The free elections did not really solve any problems, the government would be fairly elected but it could not solve all of the problems that the country was facing

In 1918 after yet more ships being sank by U-Boats Spain chose again to not enter the war, even though Germany by this point was very much on the back foot and in serious trouble after the failure of the spring offensives. When the war ended Spain also did not get its wish of playing an arbiter role in Europe, instead in 1918 it was not even involved in the settlement, not even earning an invitation to Versailles for the discussions. Instead of upping the countries prestige as hoped, the end of the war just proved once again that it was a second rate power that just did not matter on a European scale. With even this possible positive robbed from the country the war proved to be a complete and unmitigated disaster for Spain. Even though it did not participate in the fighting it found itself a casualty of the war. The fragile economic and political situation that Spain was in before the war simply could not withstand the strains of being on a continent that was tearing itself apart.

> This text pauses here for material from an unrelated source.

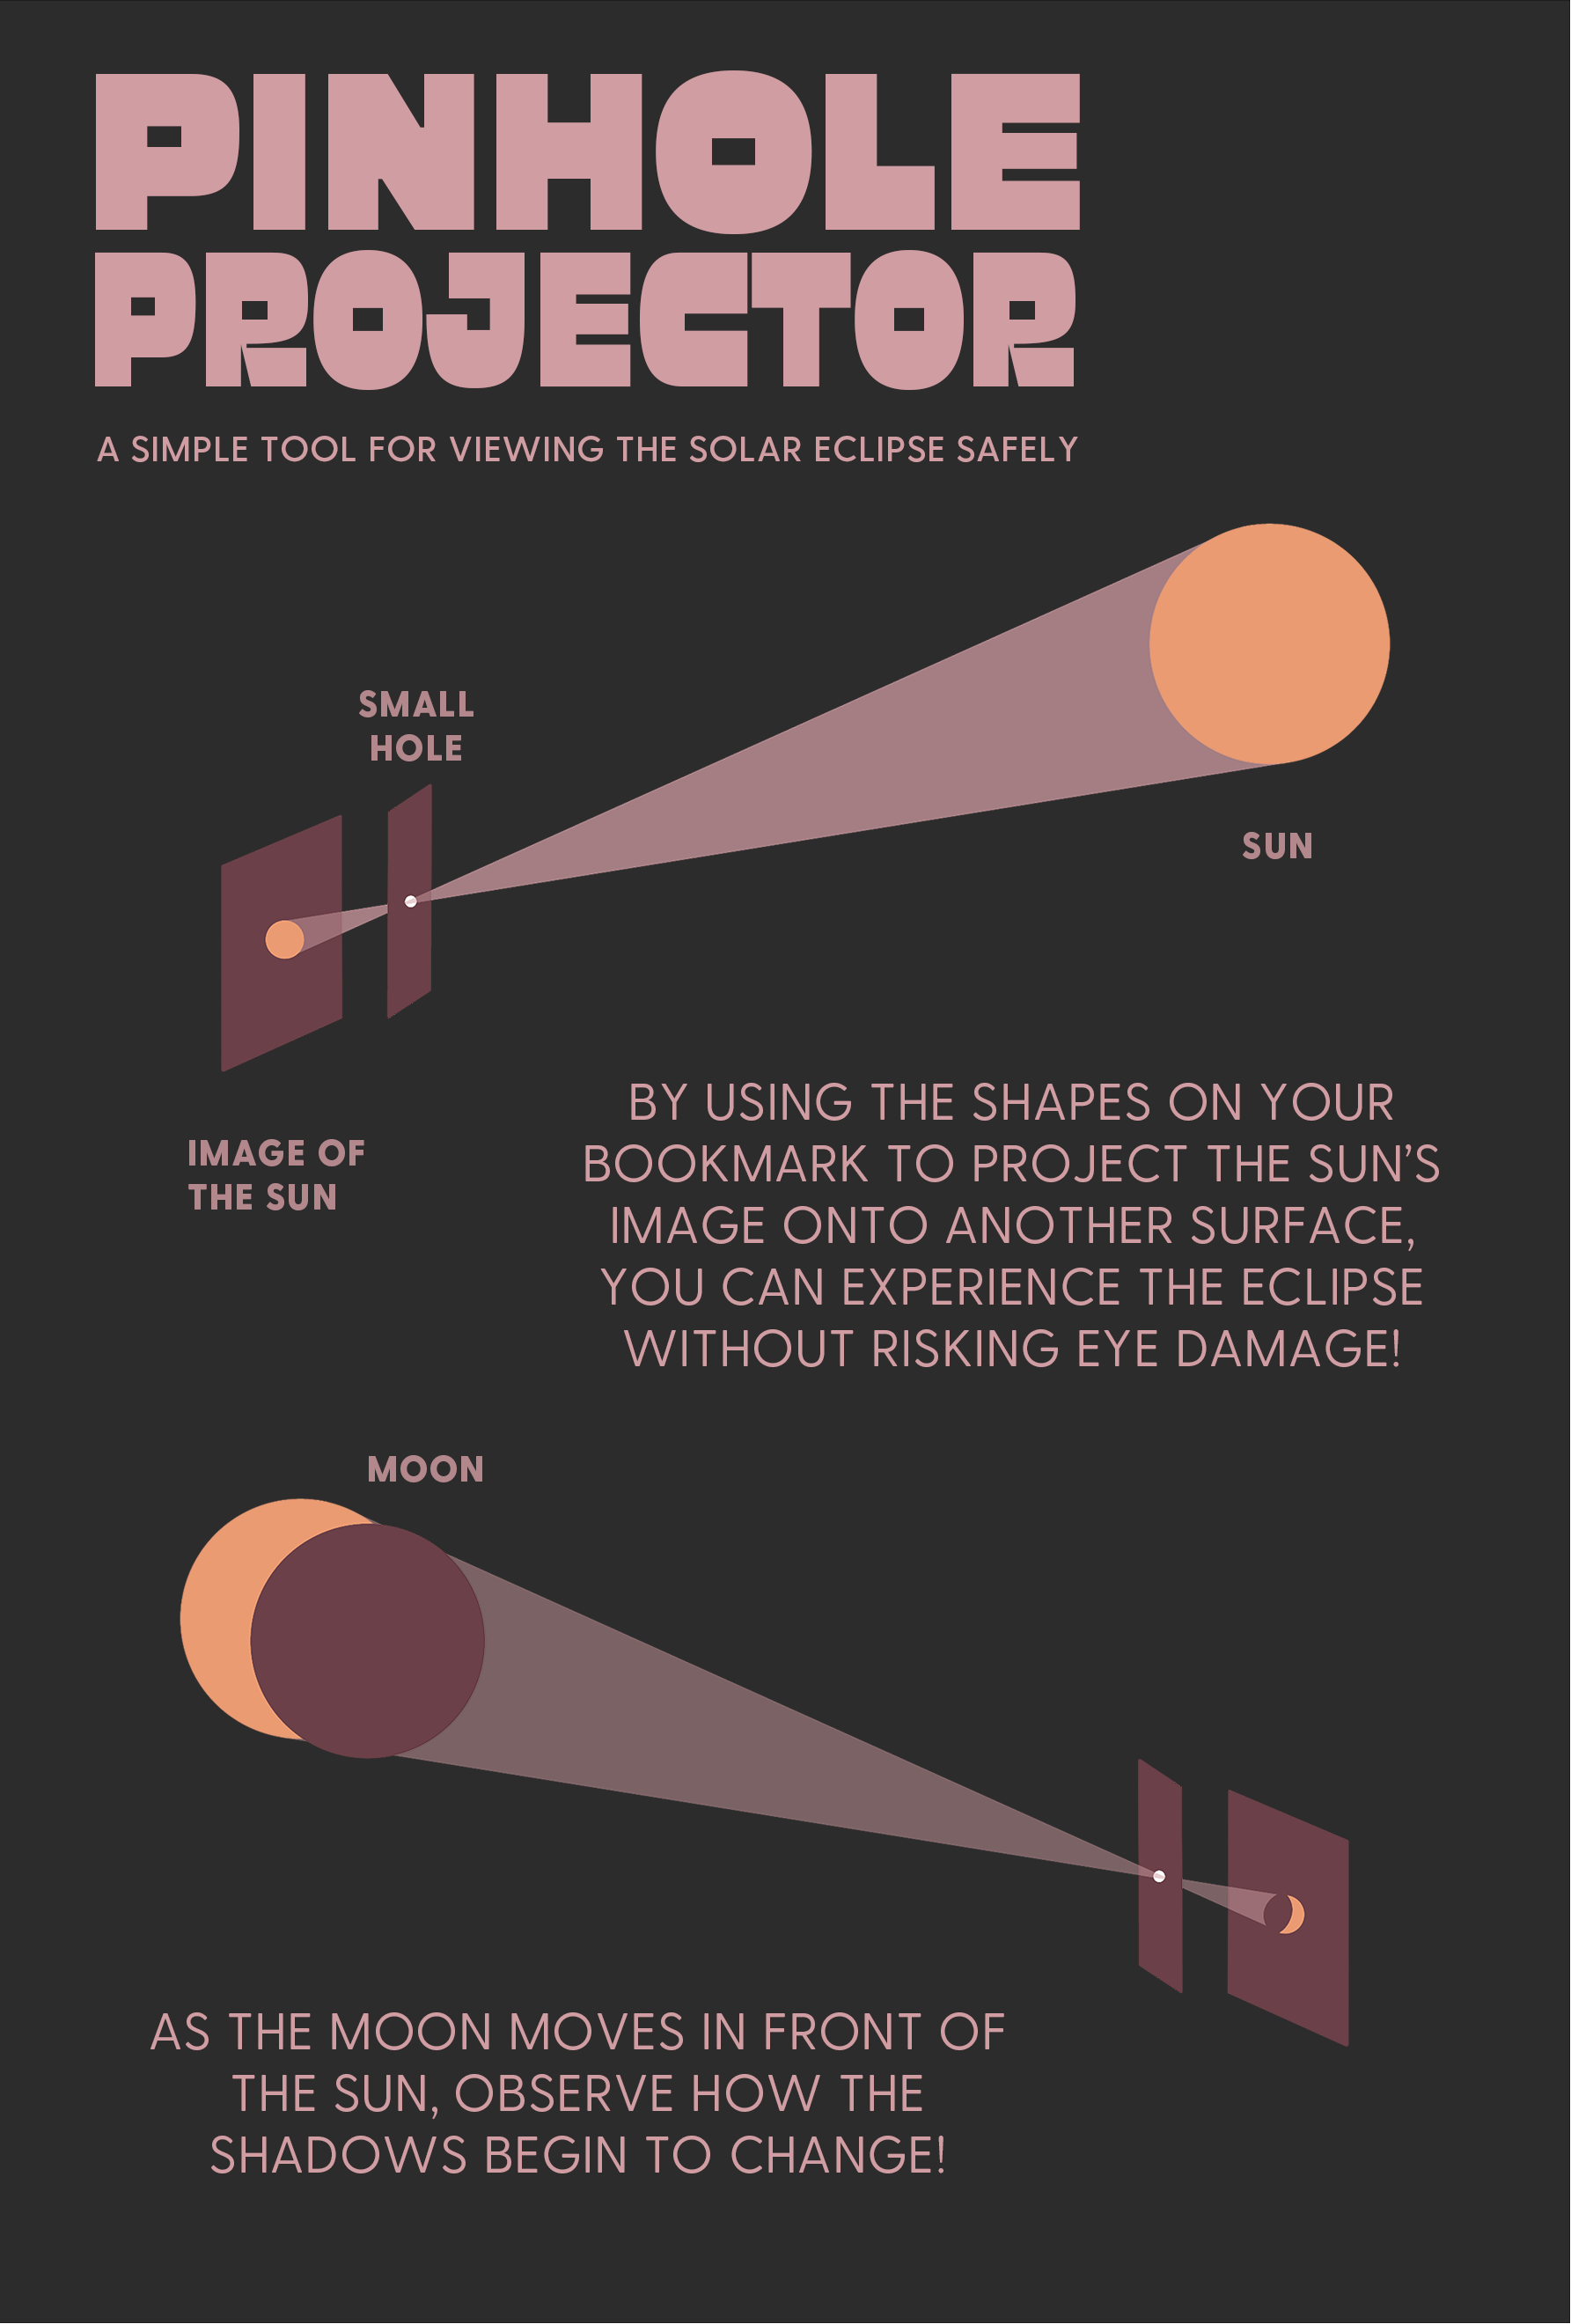 How to safely view a solar eclipse

Spain was still made up of groups that could only agree on hating the former government and all vestiges of it.

This was a recipe for infighting and instability as the groups strove with each other for dominance. Through all of the instability of the last year of the war and beyond it would be the power of the military that would be able to stand firm, it had proven that it was above the King and the previous government, soon it would prove that it was above everything.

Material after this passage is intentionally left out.